Your objective:
Please transcribe only the lines from the one holding "Fred Trails 08-2019 RACEDAY BAG" through the final line of the data, both included, with no pictures.

BEGIN Data segment

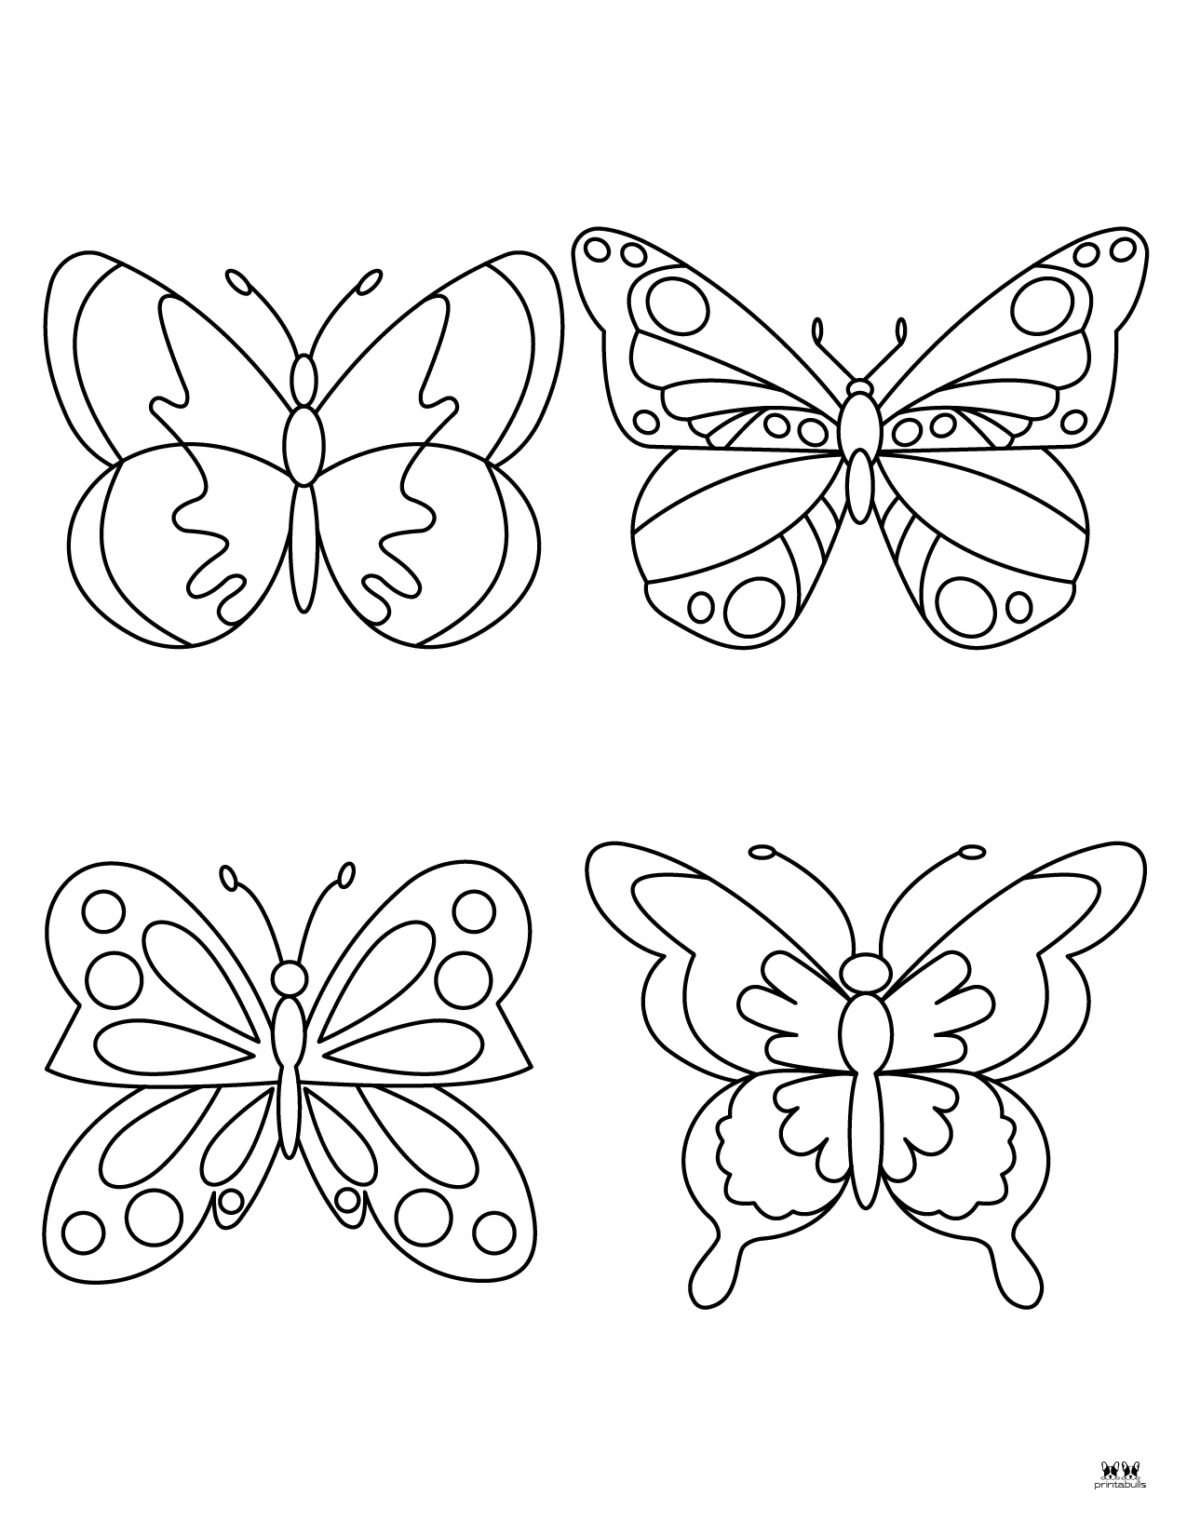 Butterfly Coloring Pages - 50 FREE Pages | Printabulls
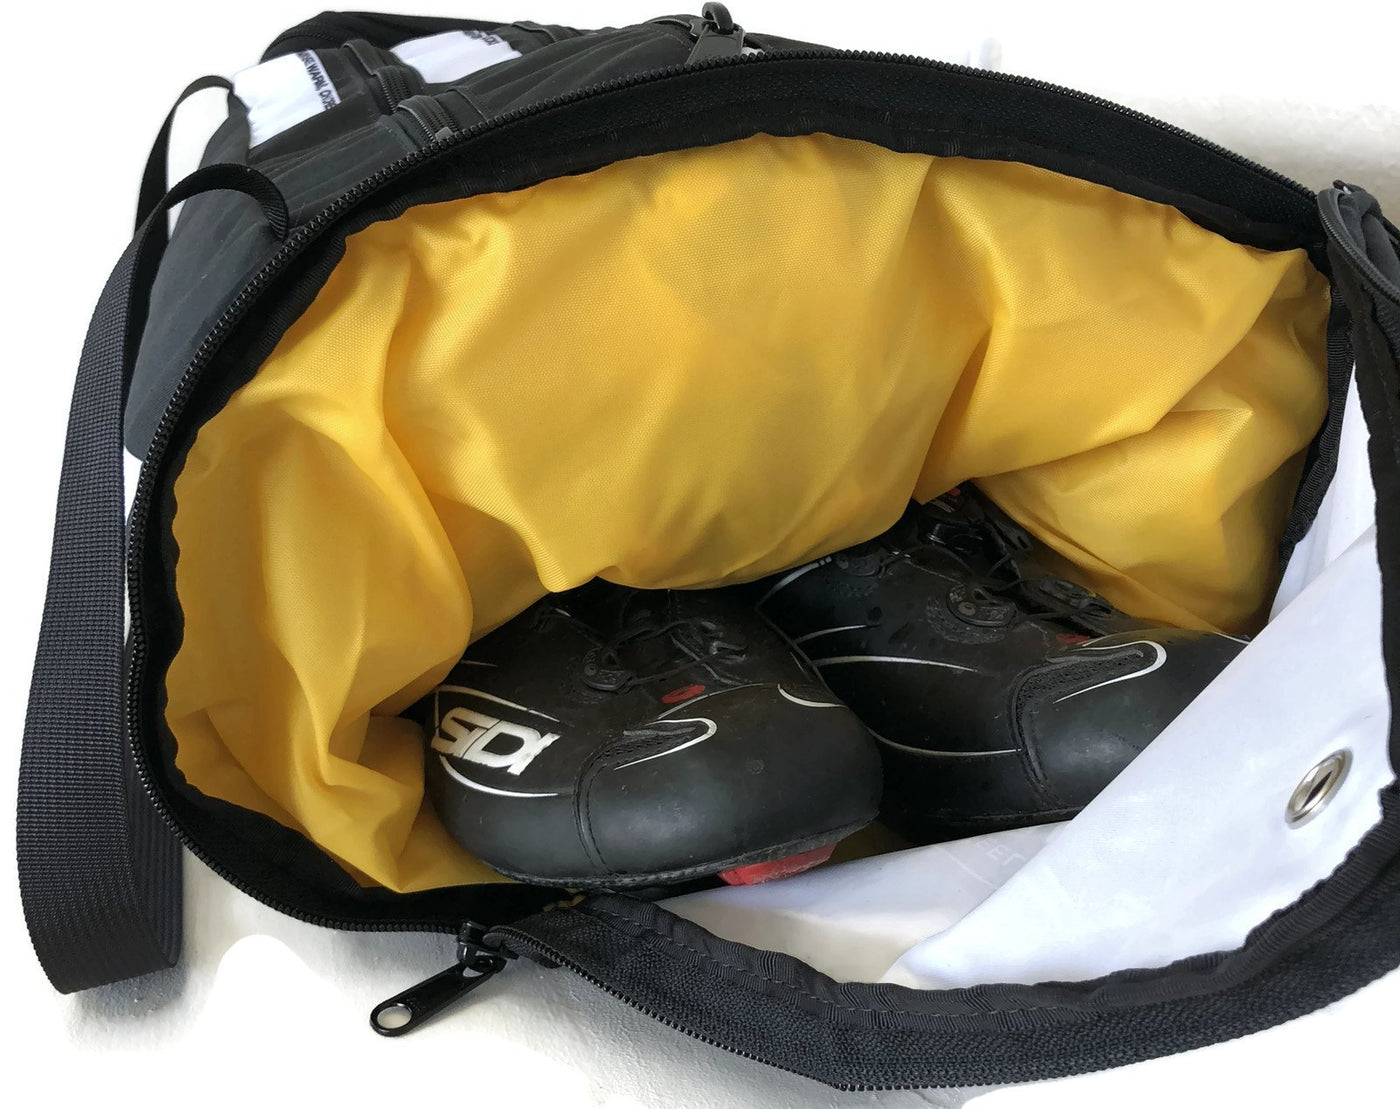 Fred Trails 08-2019 RACEDAY BAG
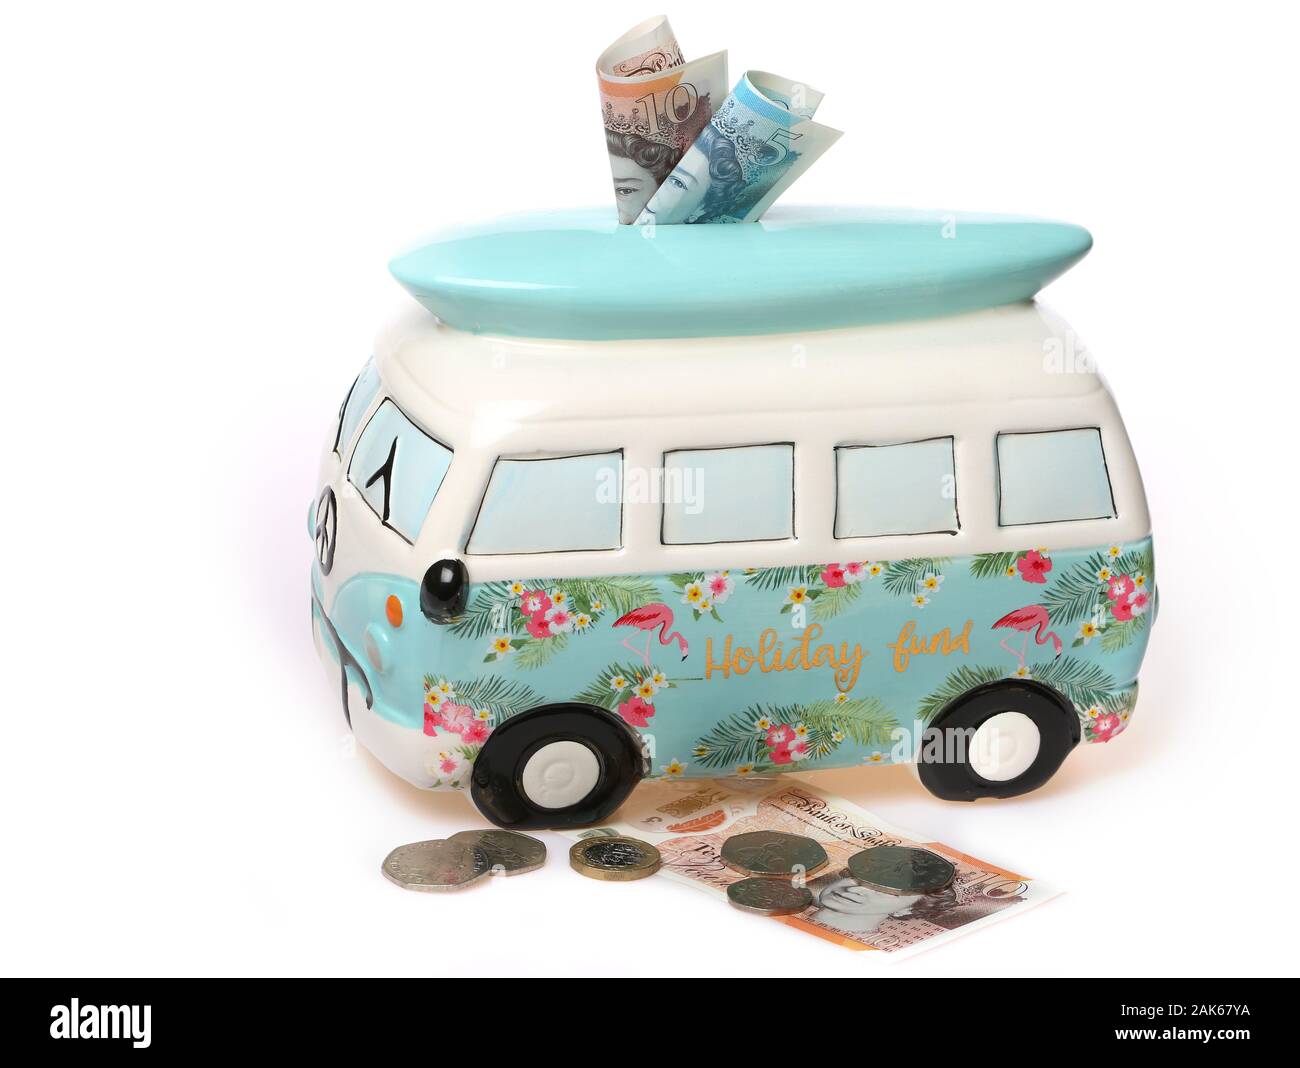 Campervan Holiday Fund money box, saving for a holiday concept image. Stock Photo

END Data segment

Finished task:
 Fred Trails 08-2019 RACEDAY BAG
 Campervan Holiday Fund money box, saving for a holiday concept image. Stock Photo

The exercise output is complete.